- What is required
In the entries below, which lines run from the one with "The Judicial Reforms of 1937" through the one with "Introducing a uniquely patriotic wristband"? Repeat exactly those, both included, and no pictures.

- Extracted data
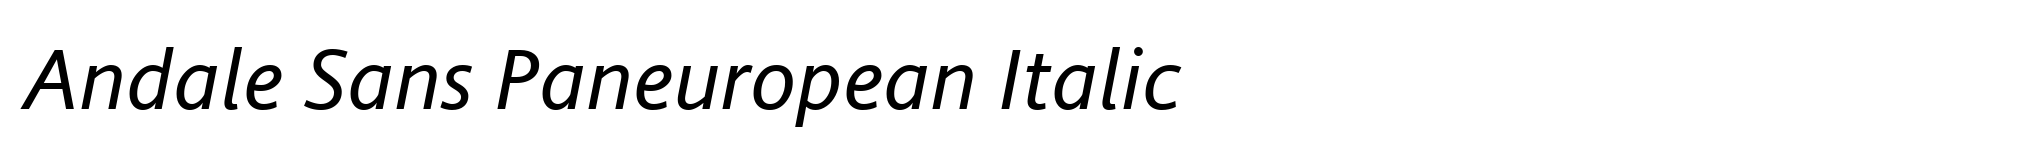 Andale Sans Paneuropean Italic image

...

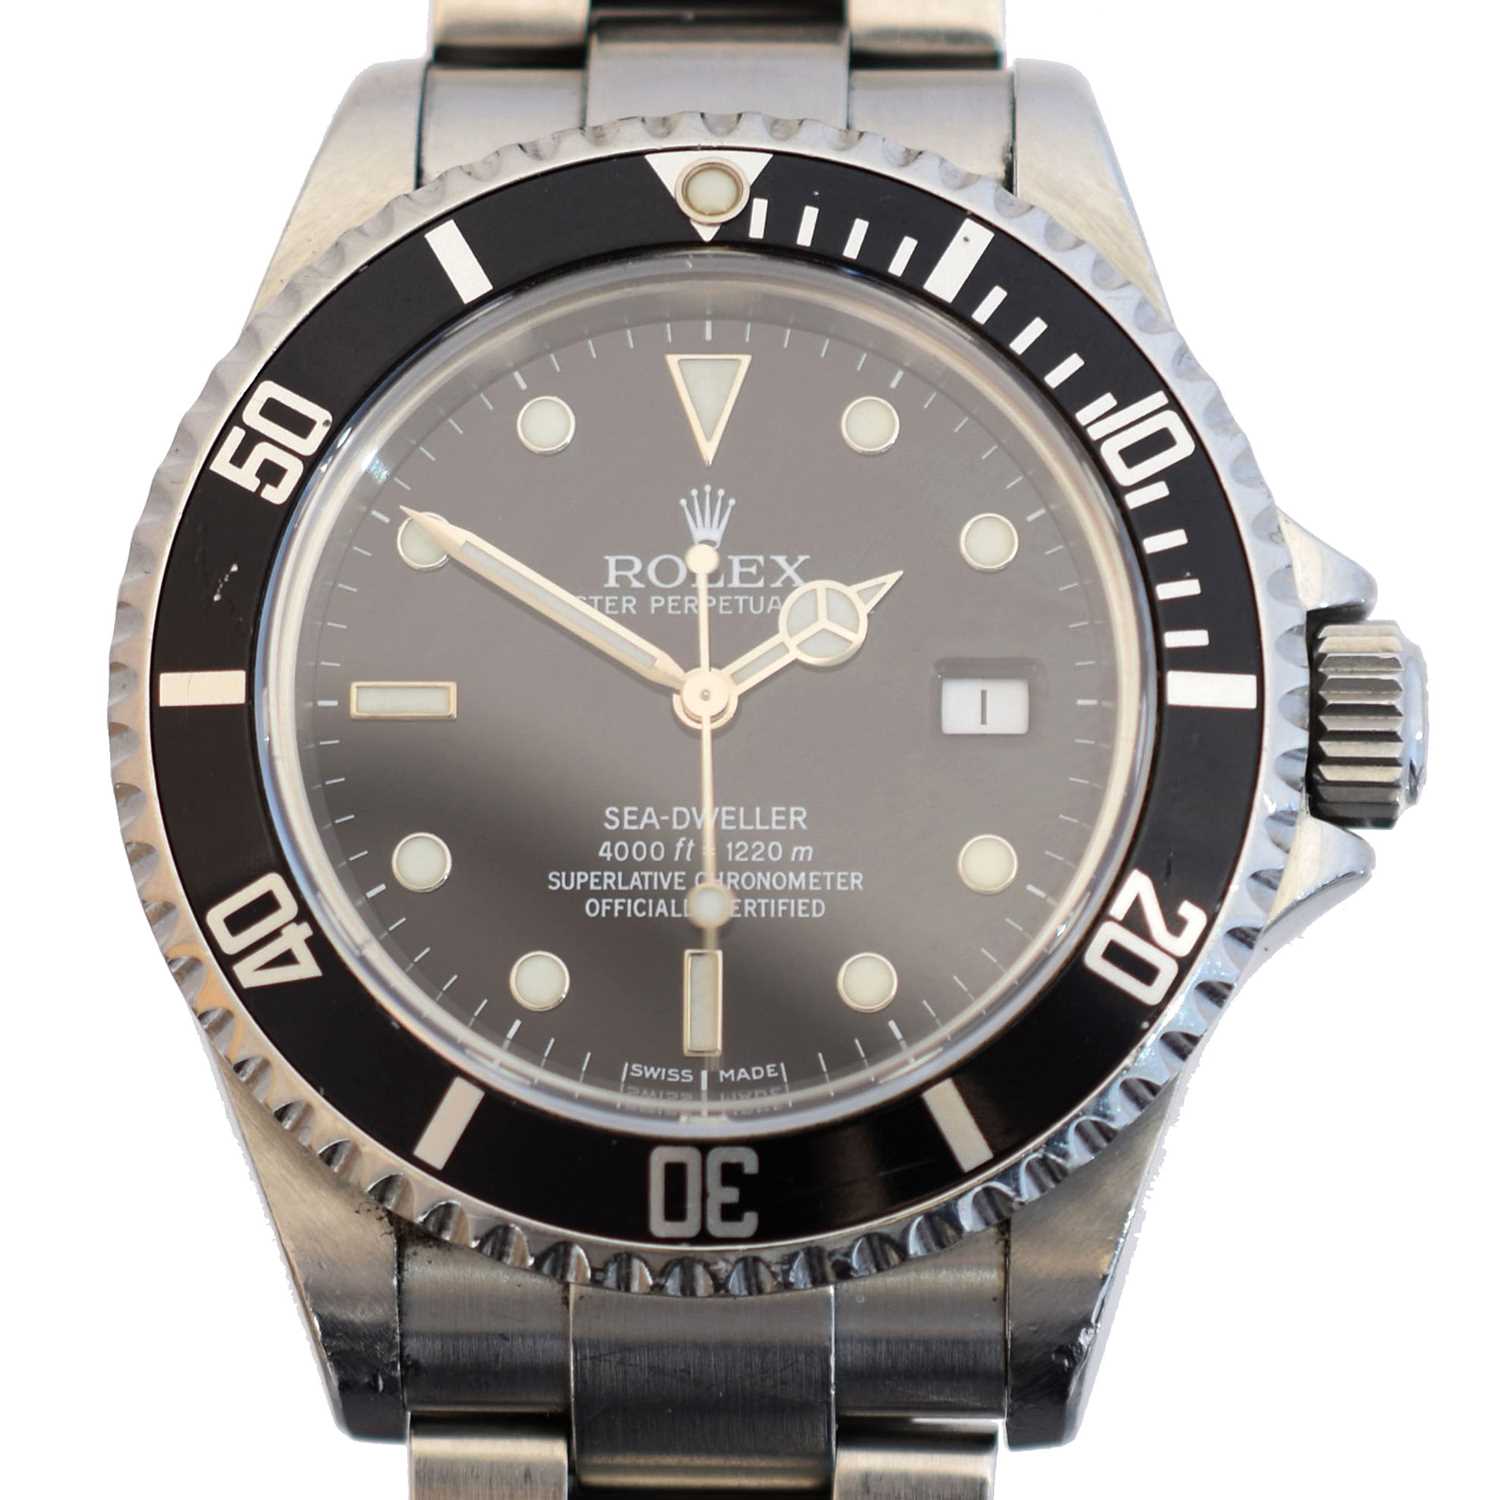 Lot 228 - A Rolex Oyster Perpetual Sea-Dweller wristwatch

==

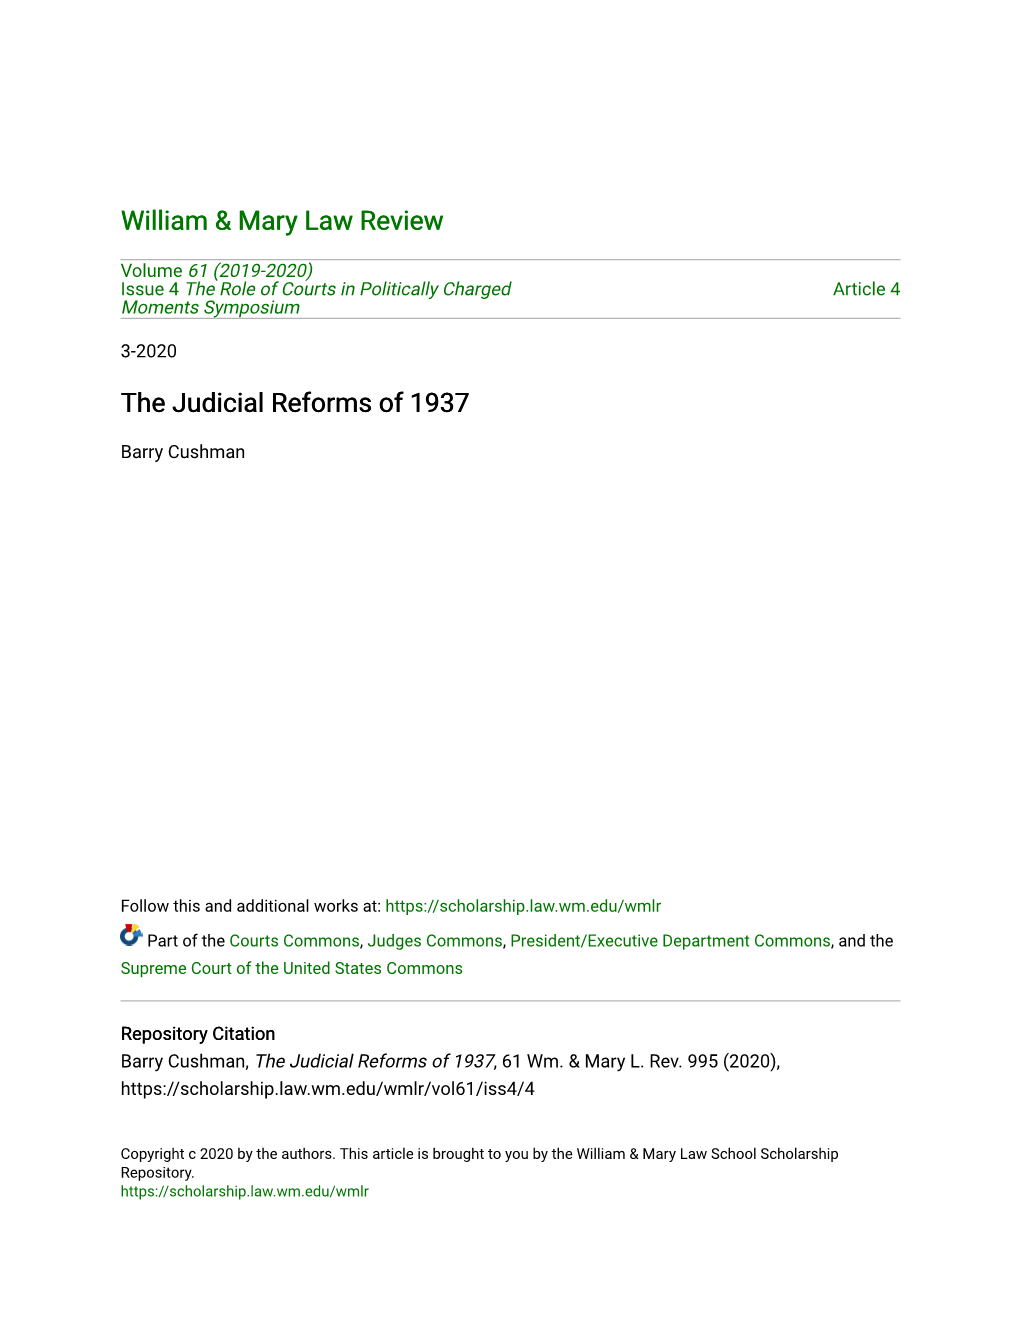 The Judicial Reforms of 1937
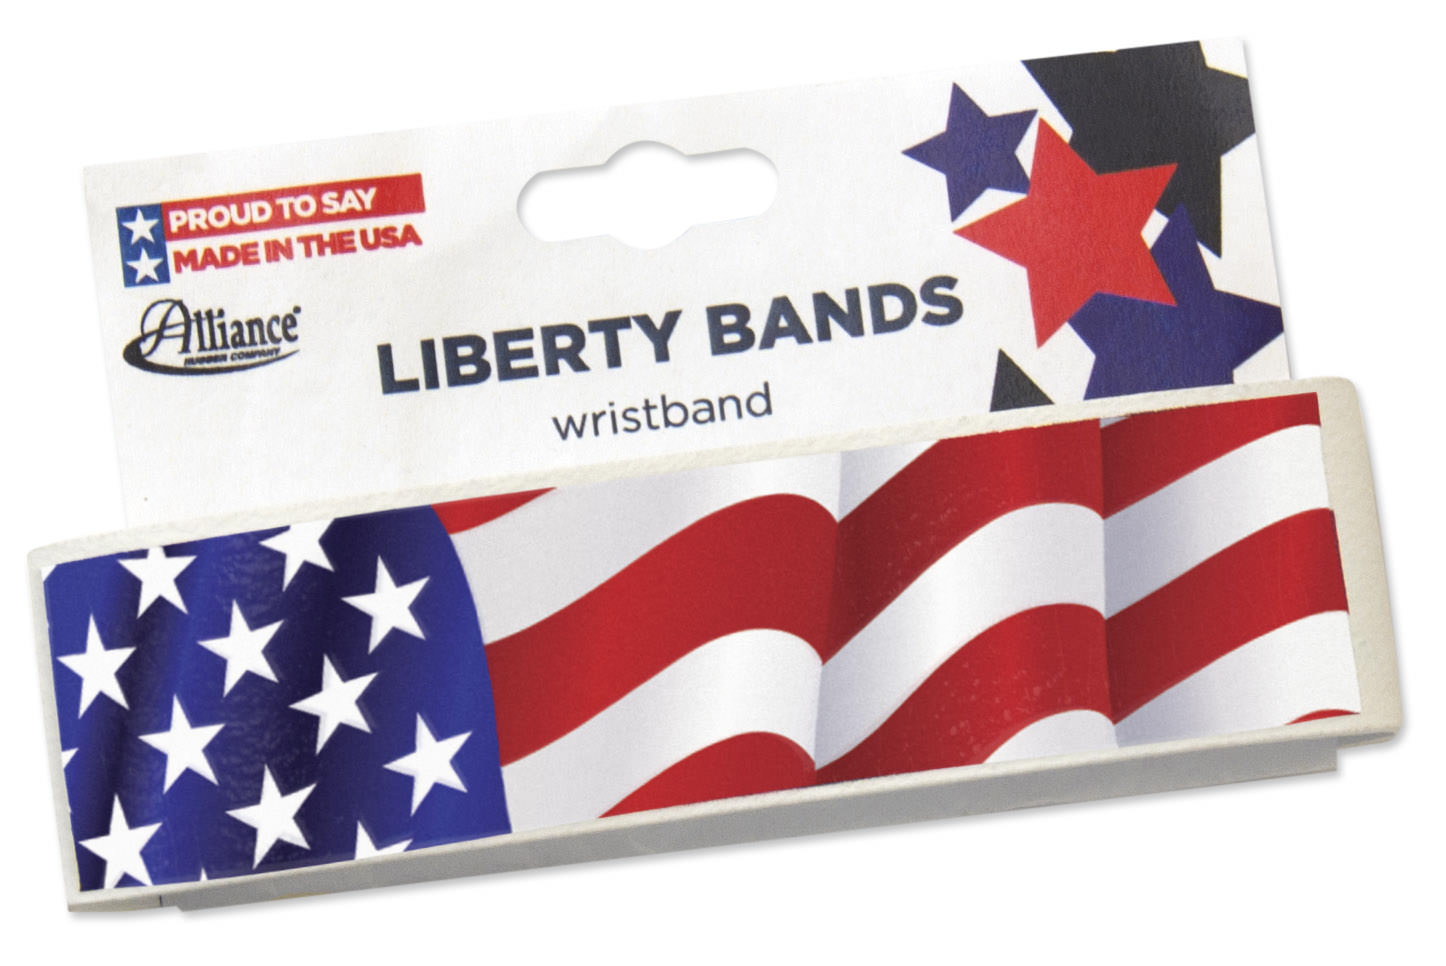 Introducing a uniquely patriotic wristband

- Answer to this task
 The Judicial Reforms of 1937
 Introducing a uniquely patriotic wristband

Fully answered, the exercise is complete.